_WHAT TO DO_
For the data below, report only the number of lines containing the string "Family".

_TASK MATERIAL_
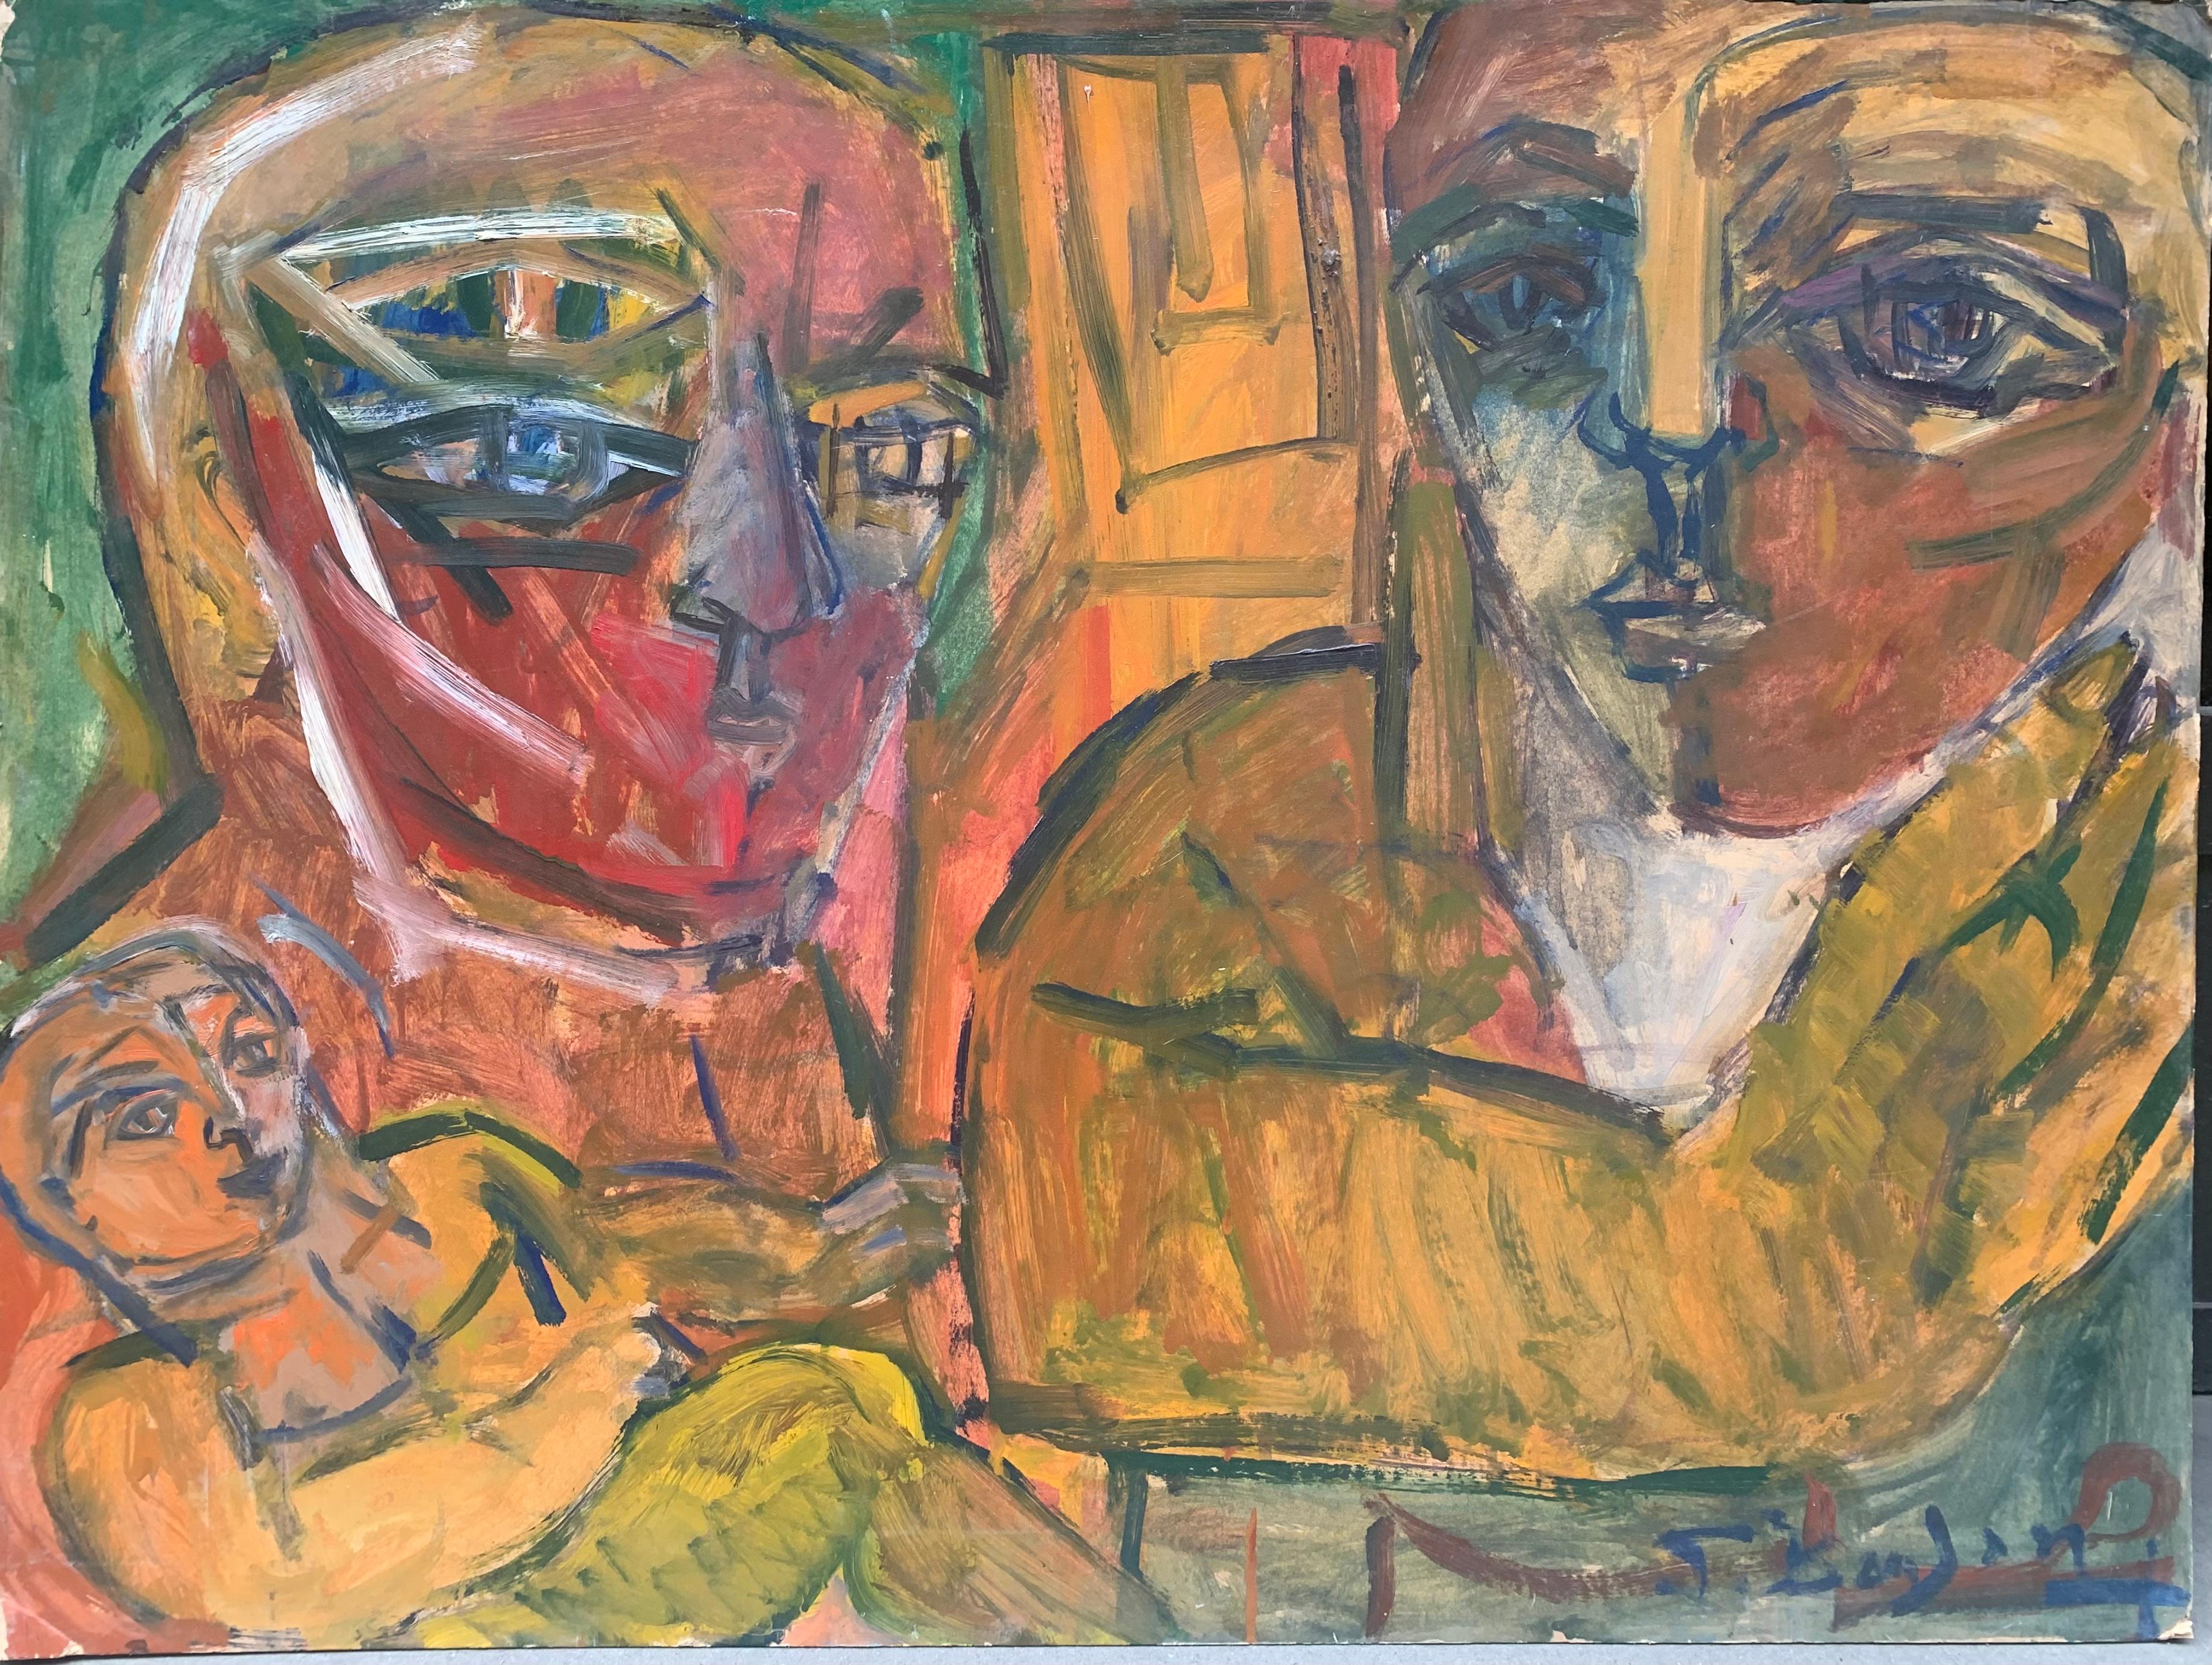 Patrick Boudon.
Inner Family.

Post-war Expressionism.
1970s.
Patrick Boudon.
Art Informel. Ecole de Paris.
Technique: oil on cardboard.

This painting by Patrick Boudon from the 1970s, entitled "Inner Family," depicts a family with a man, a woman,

_ANSWER FOR THE TASK_
2